Set down the data that follows, exactly and completely.

*** Opening THE DATA ***

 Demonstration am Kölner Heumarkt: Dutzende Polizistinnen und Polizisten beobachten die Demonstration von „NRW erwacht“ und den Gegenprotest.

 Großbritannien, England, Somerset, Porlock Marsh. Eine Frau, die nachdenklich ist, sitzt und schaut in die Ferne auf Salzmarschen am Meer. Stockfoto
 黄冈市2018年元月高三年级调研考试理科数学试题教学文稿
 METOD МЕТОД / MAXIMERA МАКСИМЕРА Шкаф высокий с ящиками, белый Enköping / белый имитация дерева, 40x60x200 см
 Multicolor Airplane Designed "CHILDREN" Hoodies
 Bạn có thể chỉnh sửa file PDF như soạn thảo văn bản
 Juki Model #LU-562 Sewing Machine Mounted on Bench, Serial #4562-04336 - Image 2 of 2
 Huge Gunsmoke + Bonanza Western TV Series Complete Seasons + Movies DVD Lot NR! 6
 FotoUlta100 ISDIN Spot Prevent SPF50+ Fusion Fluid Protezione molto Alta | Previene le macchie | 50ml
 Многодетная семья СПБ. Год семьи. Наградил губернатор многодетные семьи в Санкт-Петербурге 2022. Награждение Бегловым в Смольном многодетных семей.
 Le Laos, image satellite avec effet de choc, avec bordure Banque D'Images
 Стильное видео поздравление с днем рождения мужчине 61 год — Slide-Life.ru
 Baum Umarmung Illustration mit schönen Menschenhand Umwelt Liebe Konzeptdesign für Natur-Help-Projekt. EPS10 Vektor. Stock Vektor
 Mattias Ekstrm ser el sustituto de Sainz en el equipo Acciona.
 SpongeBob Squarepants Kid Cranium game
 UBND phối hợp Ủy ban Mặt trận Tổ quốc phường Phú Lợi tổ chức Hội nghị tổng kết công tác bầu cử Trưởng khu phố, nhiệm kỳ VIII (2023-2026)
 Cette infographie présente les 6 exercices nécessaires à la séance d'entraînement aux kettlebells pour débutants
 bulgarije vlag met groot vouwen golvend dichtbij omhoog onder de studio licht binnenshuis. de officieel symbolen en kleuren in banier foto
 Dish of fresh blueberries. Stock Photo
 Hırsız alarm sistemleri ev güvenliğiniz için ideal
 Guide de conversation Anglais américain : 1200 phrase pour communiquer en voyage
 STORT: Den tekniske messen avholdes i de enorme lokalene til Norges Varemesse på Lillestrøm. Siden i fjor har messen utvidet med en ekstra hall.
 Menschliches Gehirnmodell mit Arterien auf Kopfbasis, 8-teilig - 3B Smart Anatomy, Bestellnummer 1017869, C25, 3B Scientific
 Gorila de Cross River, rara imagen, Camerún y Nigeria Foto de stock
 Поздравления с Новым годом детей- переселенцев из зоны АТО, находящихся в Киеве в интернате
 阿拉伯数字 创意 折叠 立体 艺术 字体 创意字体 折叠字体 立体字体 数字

*** Closing THE DATA ***

**TASK ANSWER:**
 Demonstration am Kölner Heumarkt: Dutzende Polizistinnen und Polizisten beobachten die Demonstration von „NRW erwacht“ und den Gegenprotest.

 Großbritannien, England, Somerset, Porlock Marsh. Eine Frau, die nachdenklich ist, sitzt und schaut in die Ferne auf Salzmarschen am Meer. Stockfoto
 黄冈市2018年元月高三年级调研考试理科数学试题教学文稿
 METOD МЕТОД / MAXIMERA МАКСИМЕРА Шкаф высокий с ящиками, белый Enköping / белый имитация дерева, 40x60x200 см
 Multicolor Airplane Designed "CHILDREN" Hoodies
 Bạn có thể chỉnh sửa file PDF như soạn thảo văn bản
 Juki Model #LU-562 Sewing Machine Mounted on Bench, Serial #4562-04336 - Image 2 of 2
 Huge Gunsmoke + Bonanza Western TV Series Complete Seasons + Movies DVD Lot NR! 6
 FotoUlta100 ISDIN Spot Prevent SPF50+ Fusion Fluid Protezione molto Alta | Previene le macchie | 50ml
 Многодетная семья СПБ. Год семьи. Наградил губернатор многодетные семьи в Санкт-Петербурге 2022. Награждение Бегловым в Смольном многодетных семей.
 Le Laos, image satellite avec effet de choc, avec bordure Banque D'Images
 Стильное видео поздравление с днем рождения мужчине 61 год — Slide-Life.ru
 Baum Umarmung Illustration mit schönen Menschenhand Umwelt Liebe Konzeptdesign für Natur-Help-Projekt. EPS10 Vektor. Stock Vektor
 Mattias Ekstrm ser el sustituto de Sainz en el equipo Acciona.
 SpongeBob Squarepants Kid Cranium game
 UBND phối hợp Ủy ban Mặt trận Tổ quốc phường Phú Lợi tổ chức Hội nghị tổng kết công tác bầu cử Trưởng khu phố, nhiệm kỳ VIII (2023-2026)
 Cette infographie présente les 6 exercices nécessaires à la séance d'entraînement aux kettlebells pour débutants
 bulgarije vlag met groot vouwen golvend dichtbij omhoog onder de studio licht binnenshuis. de officieel symbolen en kleuren in banier foto
 Dish of fresh blueberries. Stock Photo
 Hırsız alarm sistemleri ev güvenliğiniz için ideal
 Guide de conversation Anglais américain : 1200 phrase pour communiquer en voyage
 STORT: Den tekniske messen avholdes i de enorme lokalene til Norges Varemesse på Lillestrøm. Siden i fjor har messen utvidet med en ekstra hall.
 Menschliches Gehirnmodell mit Arterien auf Kopfbasis, 8-teilig - 3B Smart Anatomy, Bestellnummer 1017869, C25, 3B Scientific
 Gorila de Cross River, rara imagen, Camerún y Nigeria Foto de stock
 Поздравления с Новым годом детей- переселенцев из зоны АТО, находящихся в Киеве в интернате
 阿拉伯数字 创意 折叠 立体 艺术 字体 创意字体 折叠字体 立体字体 数字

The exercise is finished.